Fig. 3. Endothelial cell colonies stained with anti-VE-cadherin antibody


Confluent endothelial cells in culture are generally regarded as a model of resting endothelium in blood vessels (i.e., forming junctions at points of cell-cell contact, losing ability to proliferate in response to growth factors, and remaining stationary). However, incompatibility between junctional integrity and endothelial cell motility remains uncertain. Time-lapse analyses of endothelial cell colonies showed that though cells were connected to each other through adherens junctions and tight junctions, they were moving continuously within the colonies.
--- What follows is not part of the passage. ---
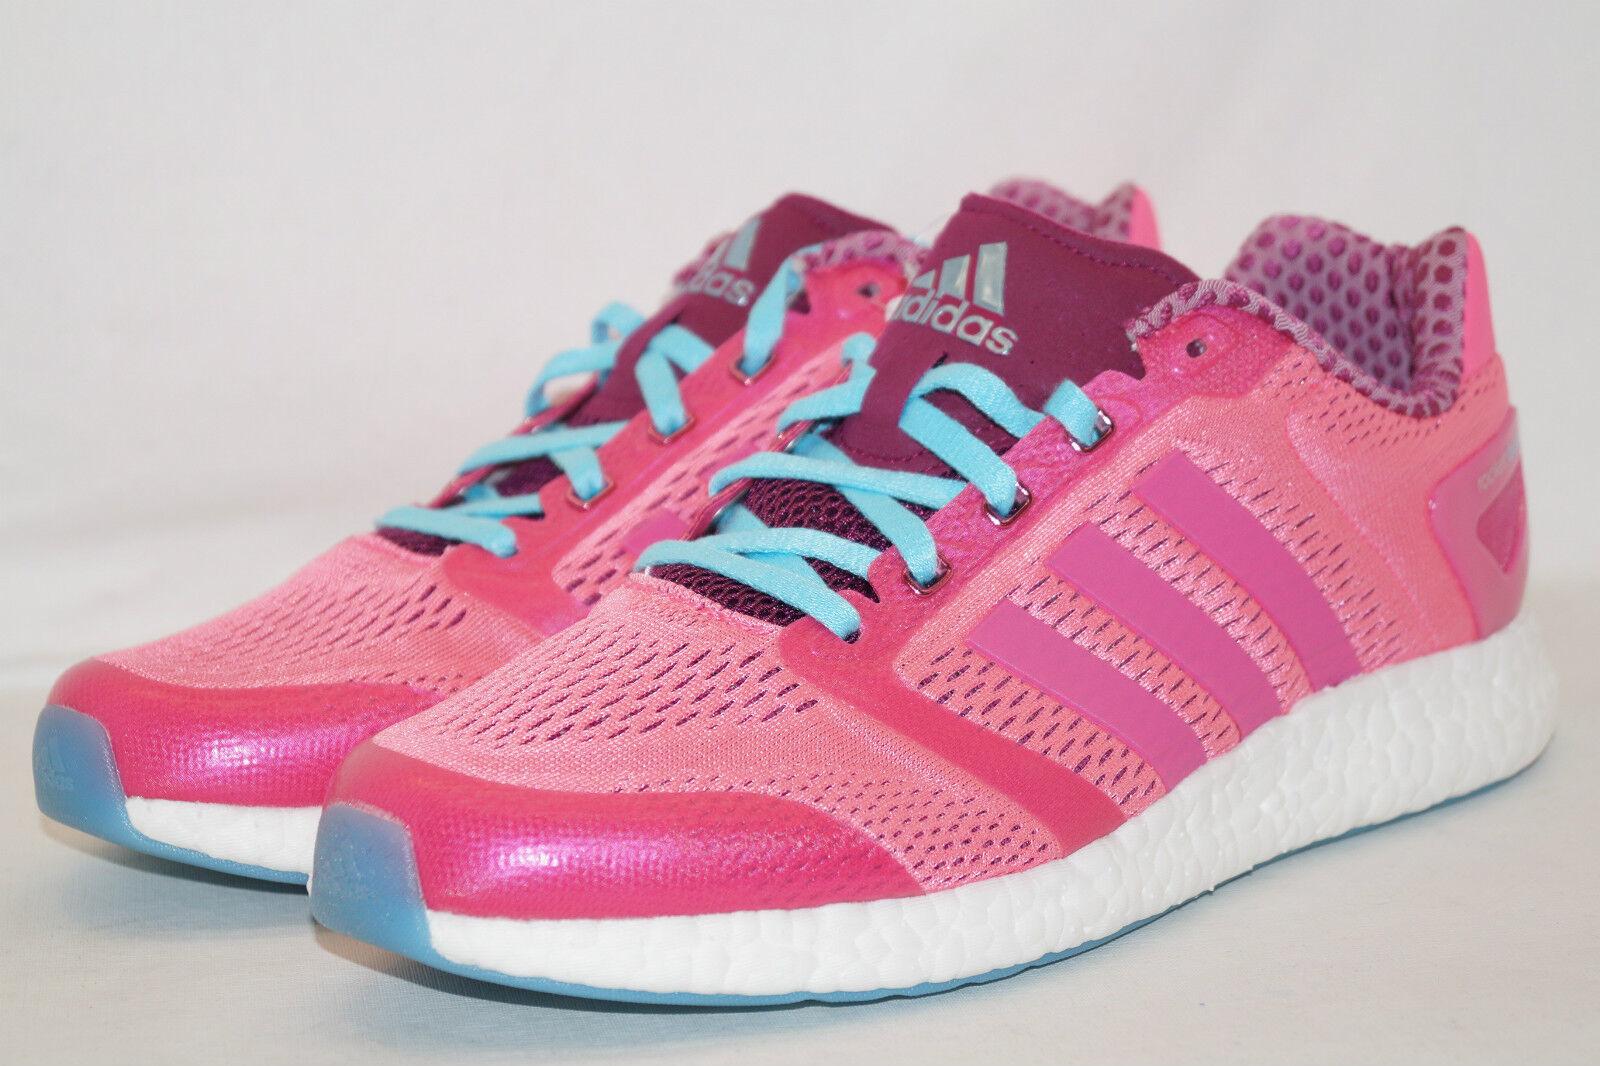 Adidas CC rocket boost w climachill Lauf Sport Schuhe 42 UK 8,0 rosa pink

Endothelial cell-specific expression of fluorescent protein-tagged VE-cadherin and claudin-5 revealed that adherens junctions and tight junctions persisted during endothelial cell migration. Our observations suggest that endothelial cells can remain highly motile without losing intercellular junctions. Therefore, as in the case of epithelial cell behaviors in morphogenesis, the compatibility of cell motility with junctional integrity should be an important characteristic of endothelial cells participating in angiogenesis. We are focusing on the mechanisms underlying the regulation of endothelial cell motility and junctional integrity during vascular development.